Child's Murder Reveals Desperate Plight of Single Mothers in Japan

When an unnamed single mother living in Yokohama decided to put in more hours working at the restaurant where she earned a meager income, she was left with the problem of who would care for her two children, aged three and one.   Though she lived with her father, he was too ill to care for the children himself and she was forced to leave her children in the care of 26-year old Yuji Motte, who she found through an online babysitting service.   Despite the 22-year old mother's reservations about Motte, including suspicious bruises on her 3-year old son's back after he had cared for her son previously, she had no real alternatives given the shortage of daycare facilities and her inability to afford another sitter  on short notice.  

After dropping off her children with Motte on March 15, she had no further contact for two days and eventually became alarmed enough to call the police.   The body of three-year-old Riku was found in Motte's apartment on March 17 although her other child was unharmed.   Motte was then charged with the boy's murder and abandonment of the body. 

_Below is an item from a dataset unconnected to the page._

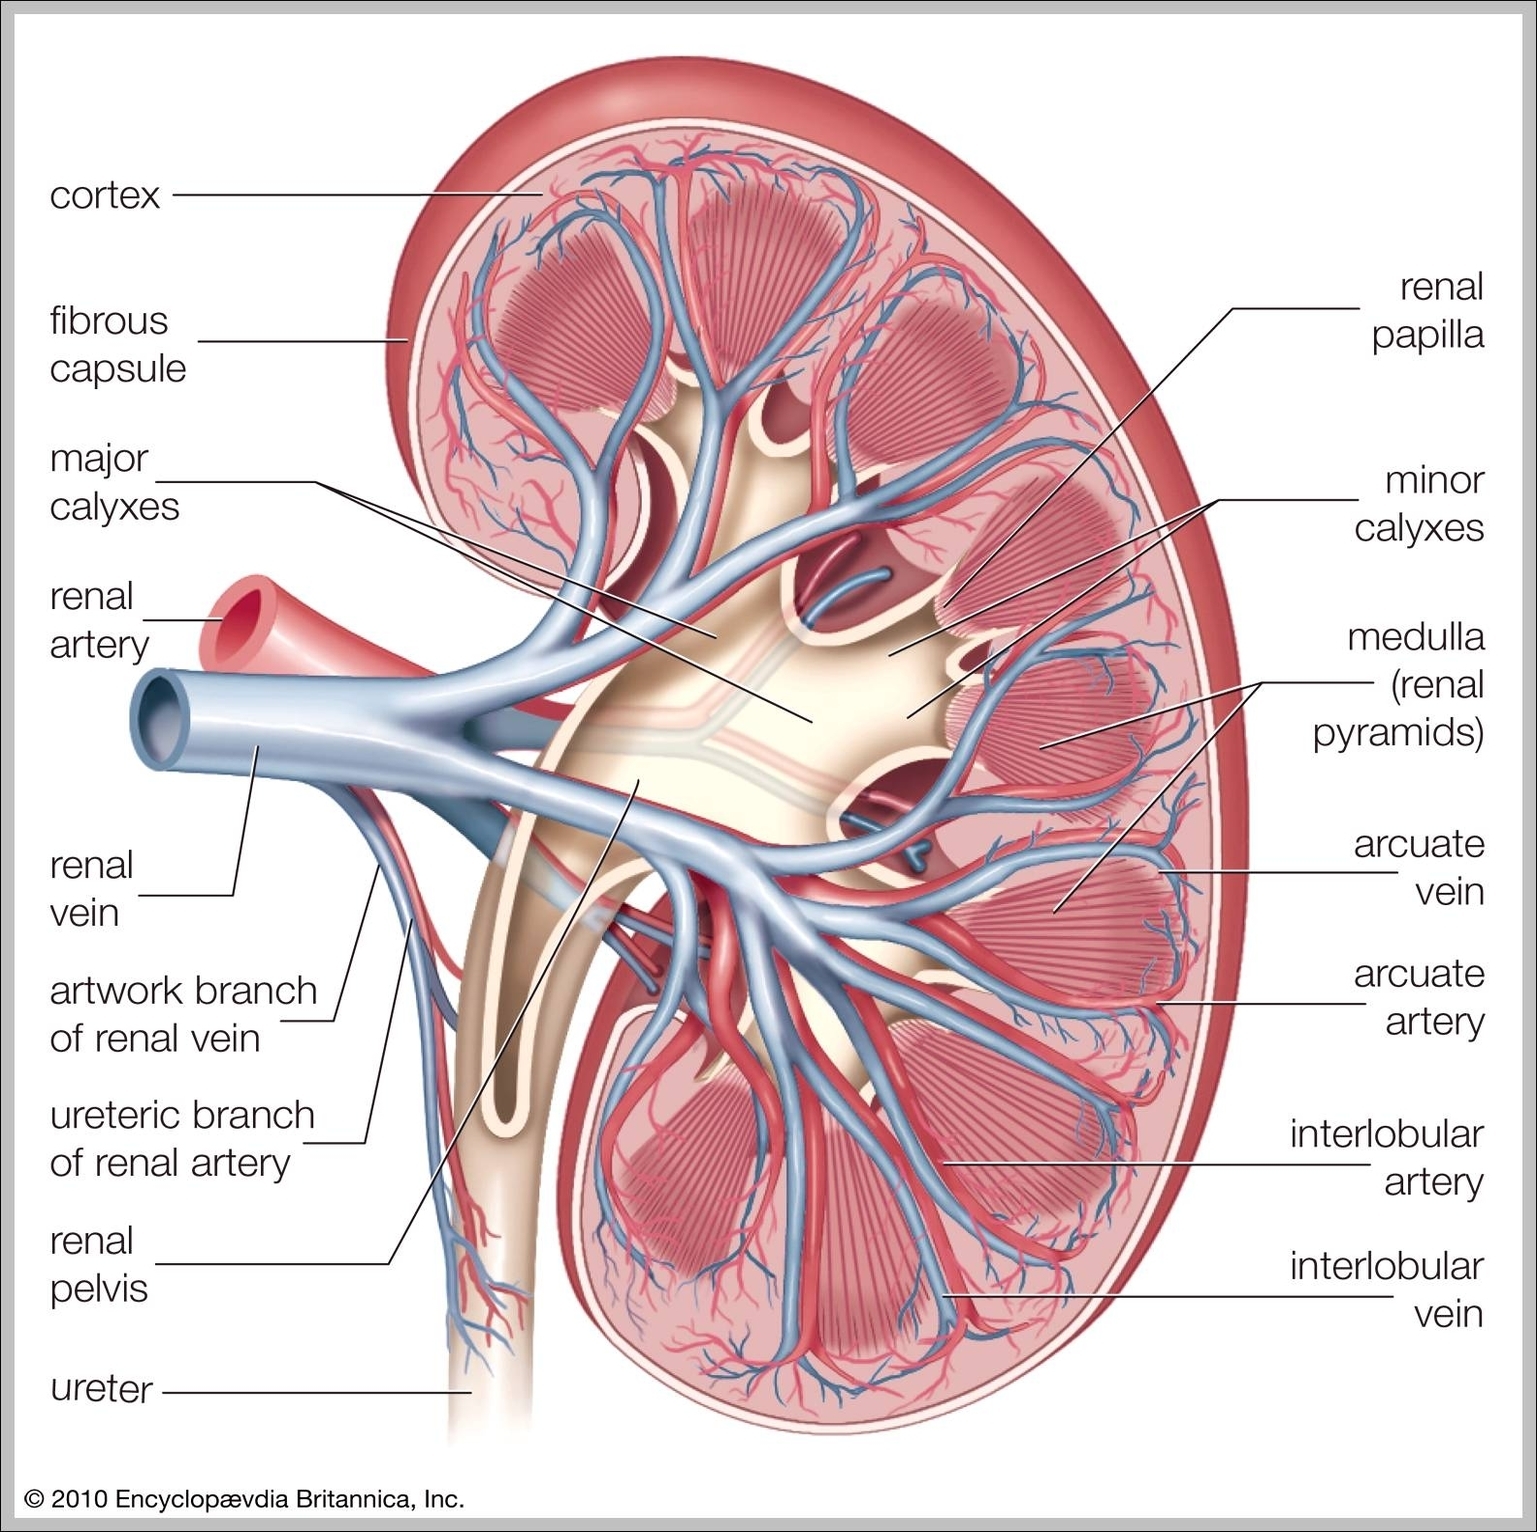 where is the kidney located in the human body

In the months since Riku's death, the mother has been condemned by Japan's news media, politicians, and social media commenters, all denouncing her for using an Internet service to care for her children.     One local politician, Yutaro Tanaka, wrote in his blog: "How come it is acceptable for a mother to place her children who are still very young into the hands of a total stranger and have no qualms about it? This shouldn’t be allowed to happen.”   Tanaka, who admits to being childless and unmarried, has been an outspoken critic of single mothers who rely on "daytime concierges" to care or their children.

Despite the rage directed against the mother, few seem to be questioning  how a single woman with a monthly income of 50,000 yen (about $476)  can care for her children in a country without a comprehensive day care policy.   According to Organization for Economic Cooperation and Development rankings, Japan is one of the worst countries for single mothers with more than forty-eight percent of households headed by a single mother falling below the poverty line. Even with public child support and help from families, the total income for a single-mother household is still well below the national average.

Part of the problem is the decline in intergenerational households as many single mothers must fend for themselves instead of living with their parents.   Prevailing attitudes about gender roles in Japan help contribute to the lack of support for women raising their children alone.   “Japanese society is built on the premise that the man is the breadwinner and the woman stays at home to raise the children and do the housework,” said Mari Osawa, a professor of sociology at the University of Tokyo. “This setup deepens the poverty of women in general and single-mother households.”

Another problem is that few fathers pay child support.  Though most divorce decisions award custody to mothers, they are usually uncontested with no provision being made to require the father to pay support.   Even when an agreement is reached, there are no guarantees that the father will maintain support payments for more than a few years.   In Japan, child support payments account for only three percent of all income of single mother households while in the United States, that figure is closer to 11.8 percent.  Though the Japan government provides monthly child support payments to single mothers depending on level of income, the mother in Yokohama was not receiving any formal child support at the time of her child's death.  “I had no idea whom I should turn to for help when I am in trouble,” she told local media. 

Despite the continuing controversy over Riku's death, there seem to be few concrete answers about how similar tragedies can be avoided in future.   In the meantime, single mothers find themselves more desperate than ever to find safe and affordable child care in a society that insists on turning them into scapegoats.